Тот, кто знал Монто, может понять, что нам не стоило волноваться. Он был в восторге от идеи перемен и полностью согласился с нашими доводами. В сущности, все шло гладко до нашей первой репетиции, когда Росси-Лемени, изображав­ший Мефистофиля бароном девятнадцатого века в накидке и цилиндре, спросил: «Как быть со строчкой в тексте, где гово­рится, что я ношу la plume au chapeau — шляпу с пером? Она будет звучать нелепо, если на мне будет надет цилиндр». «О, мы ее изменим», — ответил я легкомысленно и неожиданно поймал взгляд Монто. «Мой дорогой друг, — сказал он, — я приму все, что вы предложите, но только — ни единого изме-

нения в партитуре». Напрасно я пытался объяснить ему, что это будет изменением только в либретто. Он был непреклонен. Он был в тот момент представителем Гуно — и его стражем.

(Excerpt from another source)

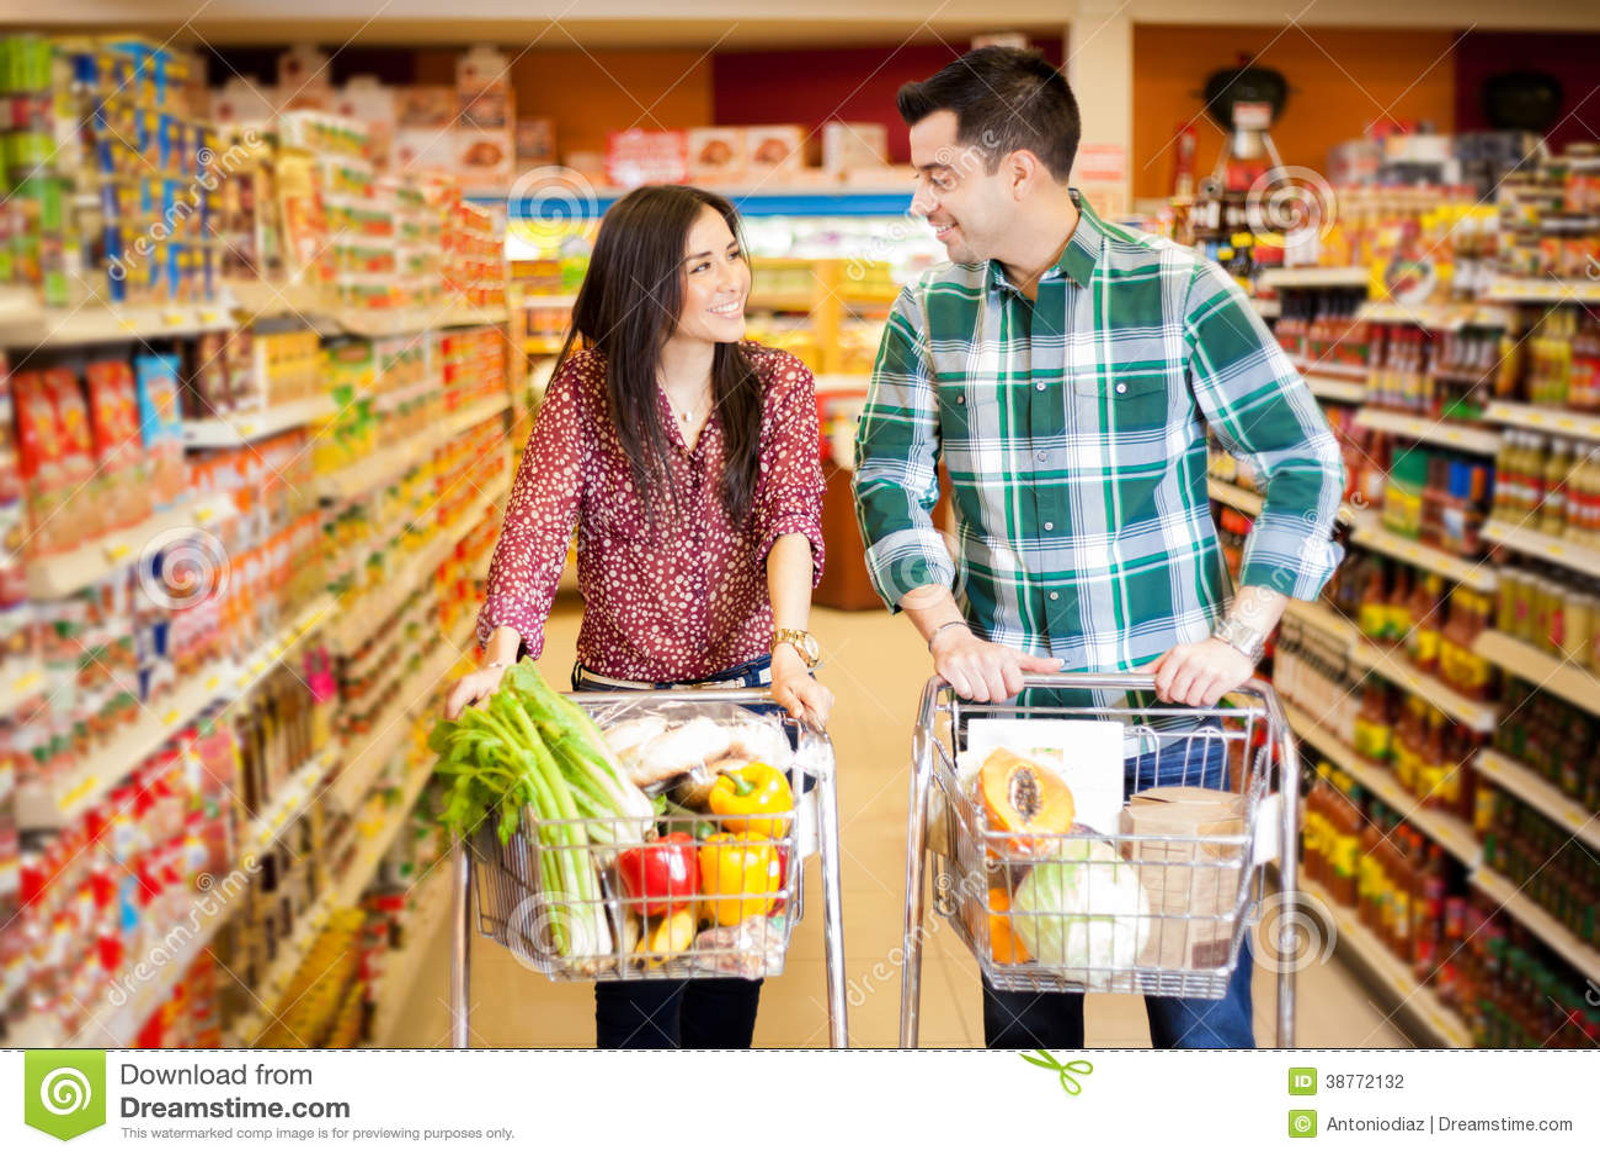 Flirting At The Supermarket Stock Photo - Image: 38772132

Репетиция остановилась. Смущенный Росси-Лемени попы­тался снять свой вопрос, но было слишком поздно. Мы искали варианты и компромиссы, но безуспешно. В конце концов, я от­ложил решение проблемы на какое-то время, взялся за следу­ющую сцену и сказал недовольному Монто: «Только вы можете найти выход. Вы здесь единственный француз».

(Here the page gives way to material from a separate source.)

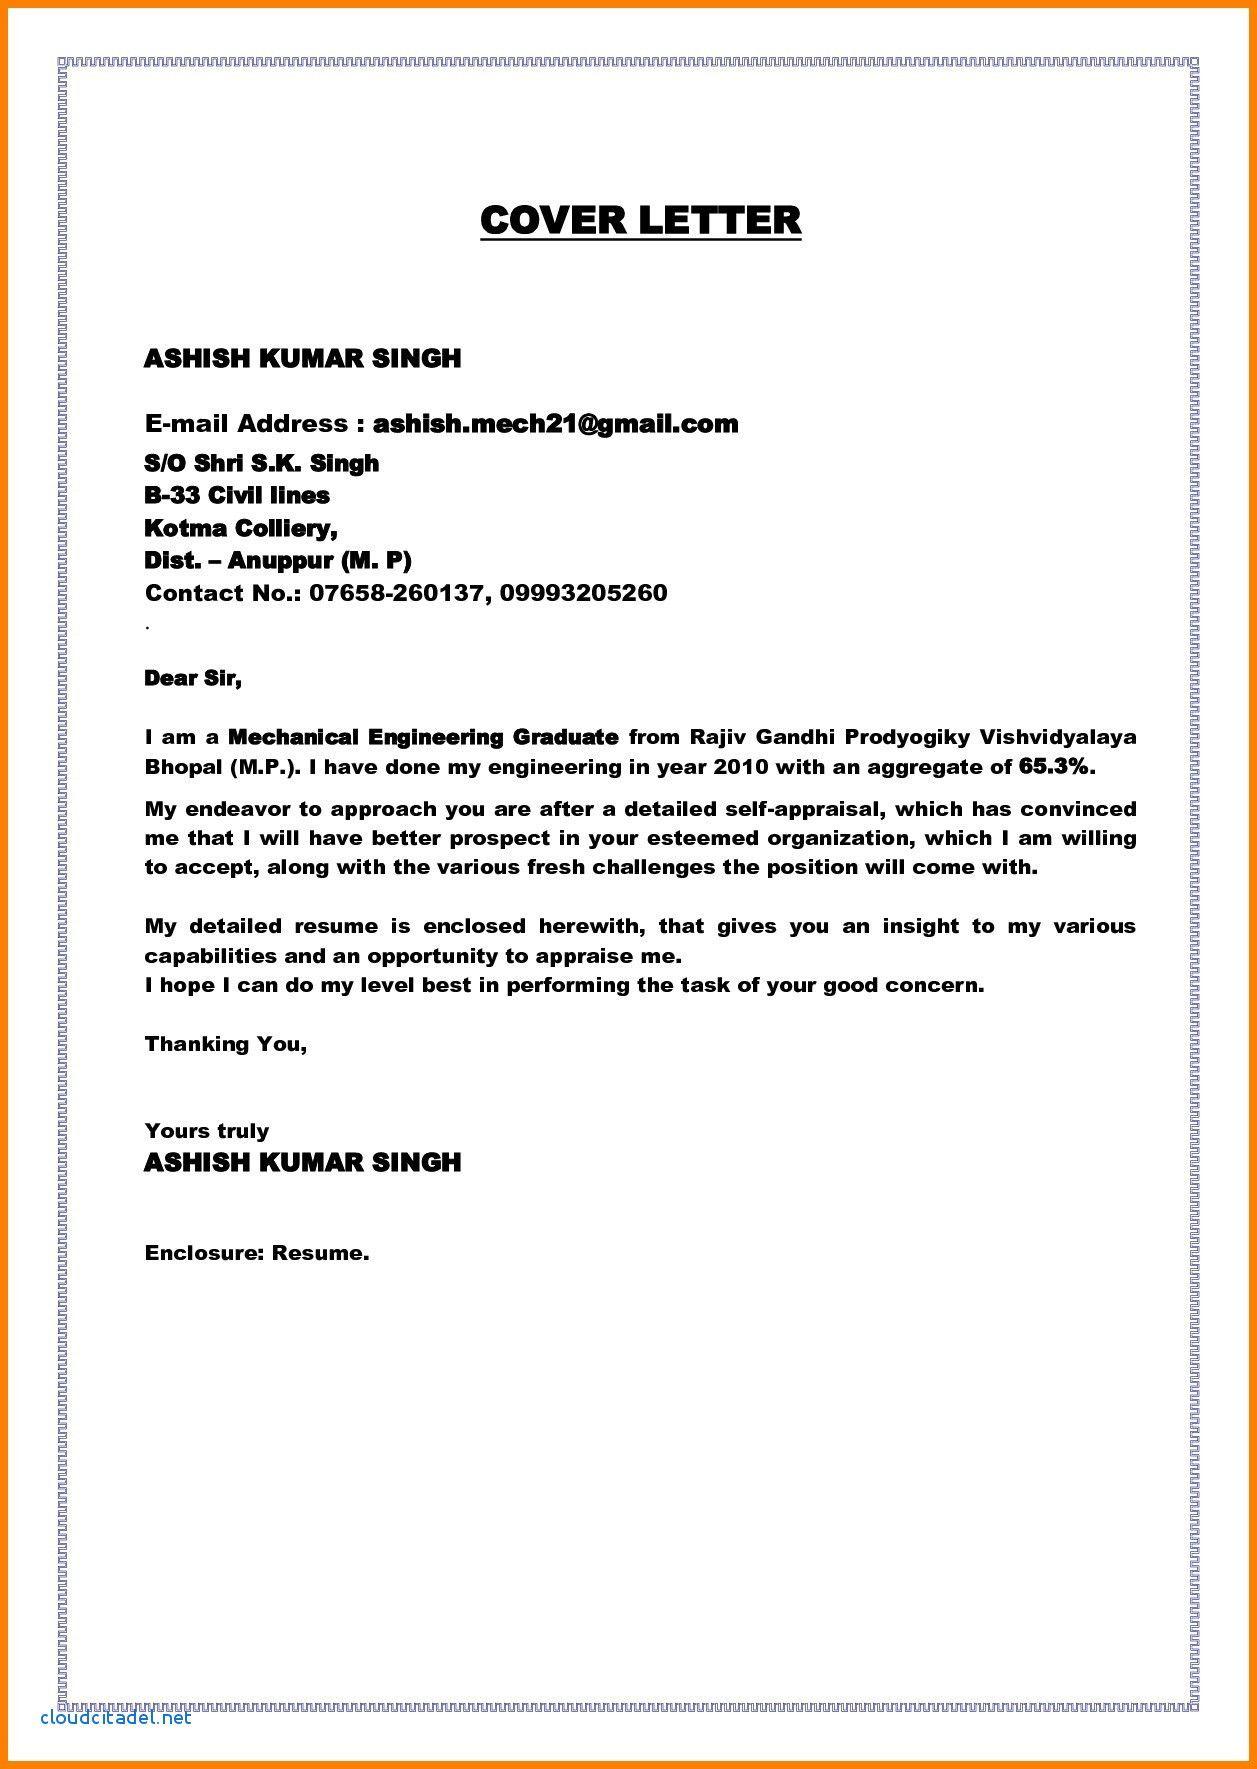 Graduate Nurse Cover Letter Cover Letter Example Job Cover Letter Job Application Cover Letter

Мы не возвращались к этому вопросу ни на следующий день, ни днем позже. Я начал серьезно беспокоиться. На третий день Монто приехал на репетицию и его глаза блестели. «Я решил вашу проблему, — сказал он. — Пусть Мефистофель скажет: la plus haute chapeau — очень высокая шляпа. Тогда те, кто привык слышать: la plume au chapeau, наверняка услы­шат те же звуки, а тем, кто будет писать и спрашивать, почему у нас костюм Мефистофиля не соответствует его описанию, мы процитируем нашу строчку, которая, я полагаю, точно отвечает его наряду».

Я хотел бы воздать должное этой исключительной лич­ности, этому великому музыканту и идеальному коллеге. Я все еще слышу его голос на первой оркестровой репетиции «Фа­уста», когда после первых аккордов он положил папочку и об­ратился к оркестру с искренним удивлением: «Джентльмены, вы и в самом деле не можете играть громче?» На следующей ре­петиции он был вознагражден такой сильной игрой, какой я никогда не слышал у этого оркестра.

Я вспоминаю также первую генеральную репетицию, когда открылся занавес, и он впервые увидел сад Маргариты, при­думанный Жераром, где вместо безобразного традиционного домика был романтический парк в духе Коро. И снова он по­ложил палочку. «Ах, — сказал он, — Marguerite est done milliardaire! (Маргарита, однако, миллиардерша!)»

«Евгений Онегин»

«Онегин», как и «Фауст», родился в атмосфере взаимной симпатии и доверия. Нам с Жераром опять по­везло — на сей раз мы работали с замеча­тельным дирижером Митропоулосом[88].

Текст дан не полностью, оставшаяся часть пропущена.